Configuration for OmniVoice model in vLLM-Omni.

This mirrors the HuggingFace OmniVoiceConfig but adds fields needed for the two-stage serving pipeline.

audio_codebook_weights instance-attribute

audio_codebook_weights = getattr(
    self, "audio_codebook_weights", [8, 8, 6, 6, 4, 4, 2, 2]
)

audio_mask_id instance-attribute

audio_mask_id = getattr(self, 'audio_mask_id', 1024)

audio_vocab_size instance-attribute

audio_vocab_size = getattr(self, 'audio_vocab_size', 1025)

class_temperature instance-attribute

class_temperature = getattr(self, 'class_temperature', 0.0)

cuda_graph_capture_sizes instance-attribute

cuda_graph_capture_sizes = getattr(
    self,
    "cuda_graph_capture_sizes",
    [128, 192, 256, 320, 384, 448, 512, 640, 768, 1024],
)

enable_cuda_graph instance-attribute

enable_cuda_graph = getattr(
    self,
    "enable_cuda_graph",
    get("OMNIVOICE_CUDA_GRAPH", "1") != "0",
)

frame_rate instance-attribute

frame_rate = getattr(self, 'frame_rate', 25)

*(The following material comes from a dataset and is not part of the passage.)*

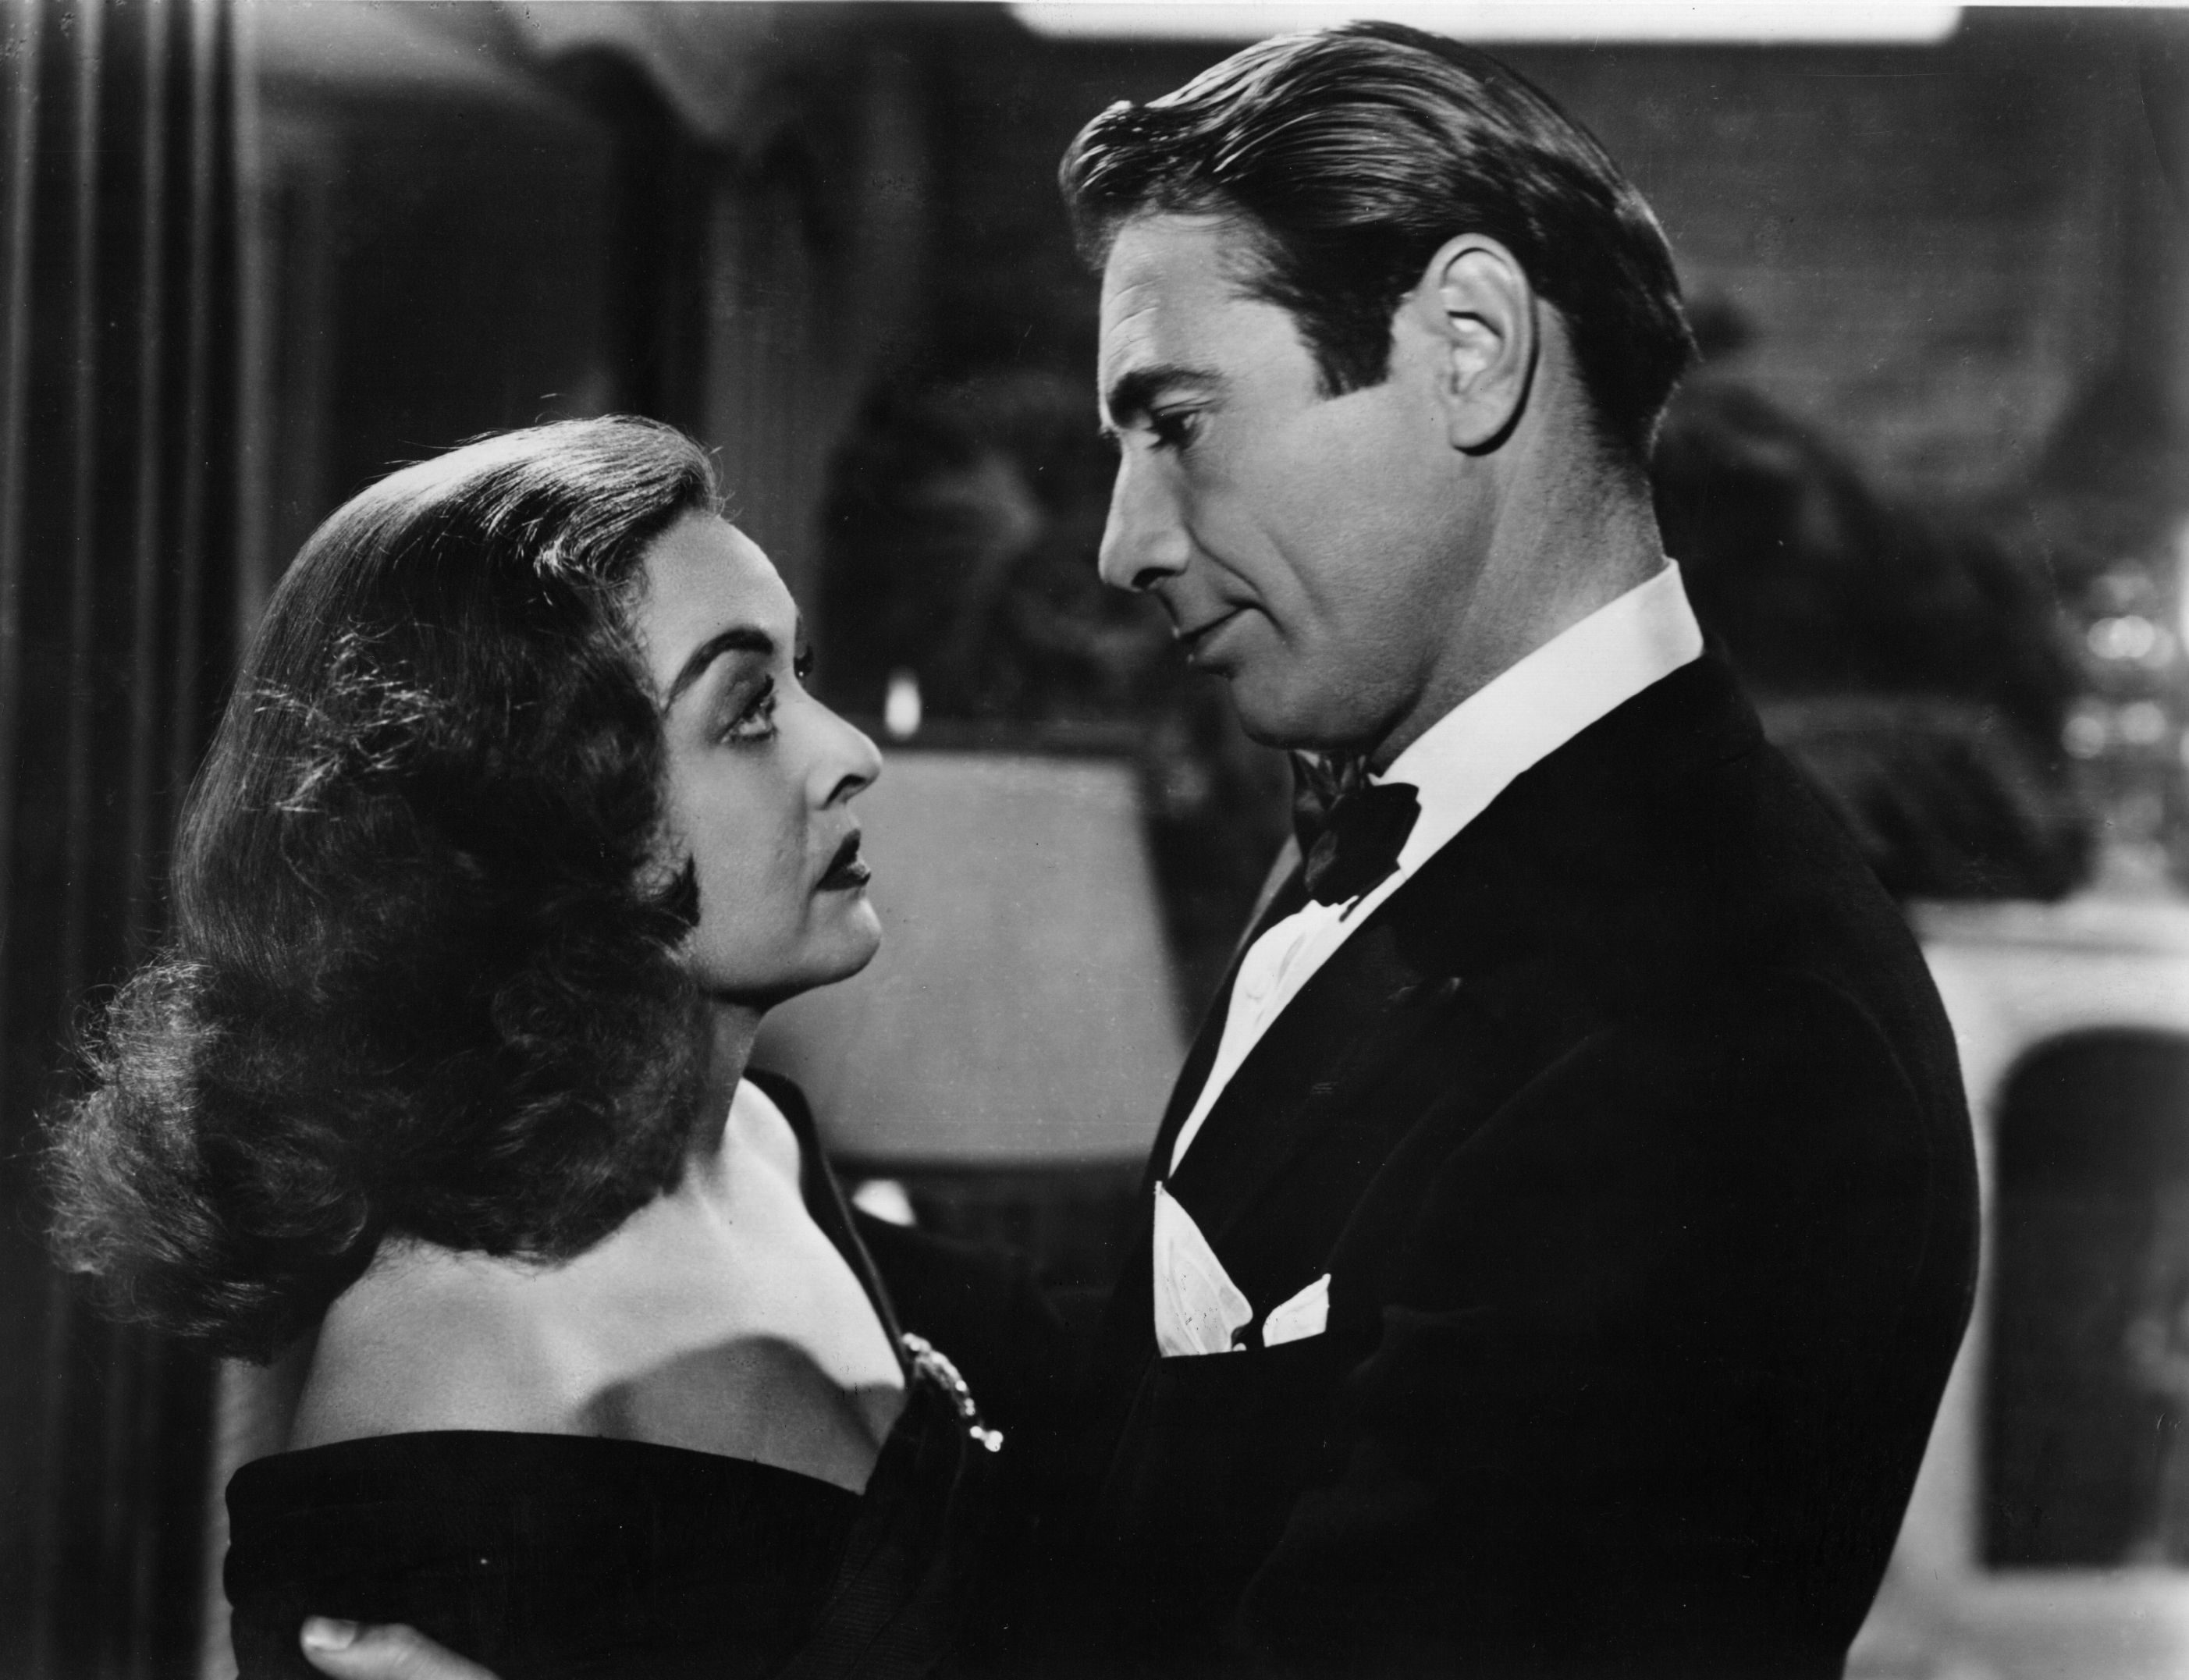 Bette Davis and former husband Gary Merrill embrace in a scene from 'All About Eve', 1950
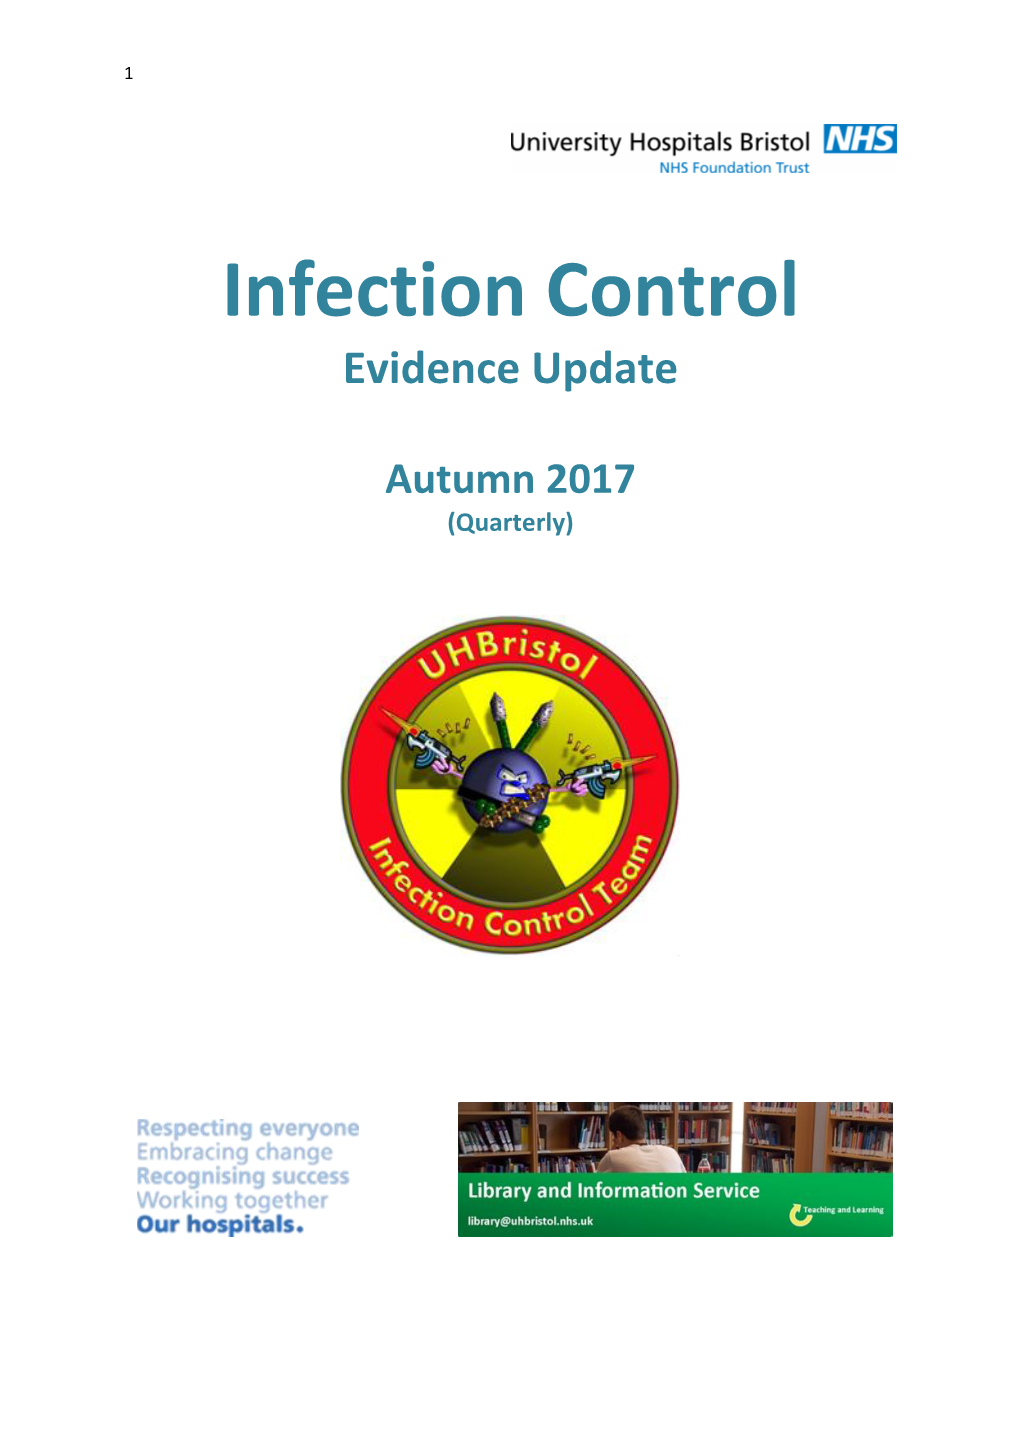 Infection Control Evidence Update

guidance_scale instance-attribute

guidance_scale = getattr(self, 'guidance_scale', 2.0)

head_dim instance-attribute

head_dim = llm_head_dim

hidden_size instance-attribute

hidden_size = llm_hidden_size

layer_penalty_factor instance-attribute

layer_penalty_factor = getattr(
    self, "layer_penalty_factor", 5.0
)

llm_head_dim instance-attribute

llm_head_dim = get(
    "head_dim", llm_hidden_size // llm_num_attention_heads
)

llm_hidden_size instance-attribute

llm_hidden_size = get('hidden_size', 1024)

llm_intermediate_size instance-attribute

llm_intermediate_size = get('intermediate_size', 3072)

llm_max_position_embeddings instance-attribute

llm_max_position_embeddings = get(
    "max_position_embeddings", 40960
)

llm_num_attention_heads instance-attribute

llm_num_attention_heads = get('num_attention_heads', 16)

llm_num_hidden_layers instance-attribute

llm_num_hidden_layers = get('num_hidden_layers', 28)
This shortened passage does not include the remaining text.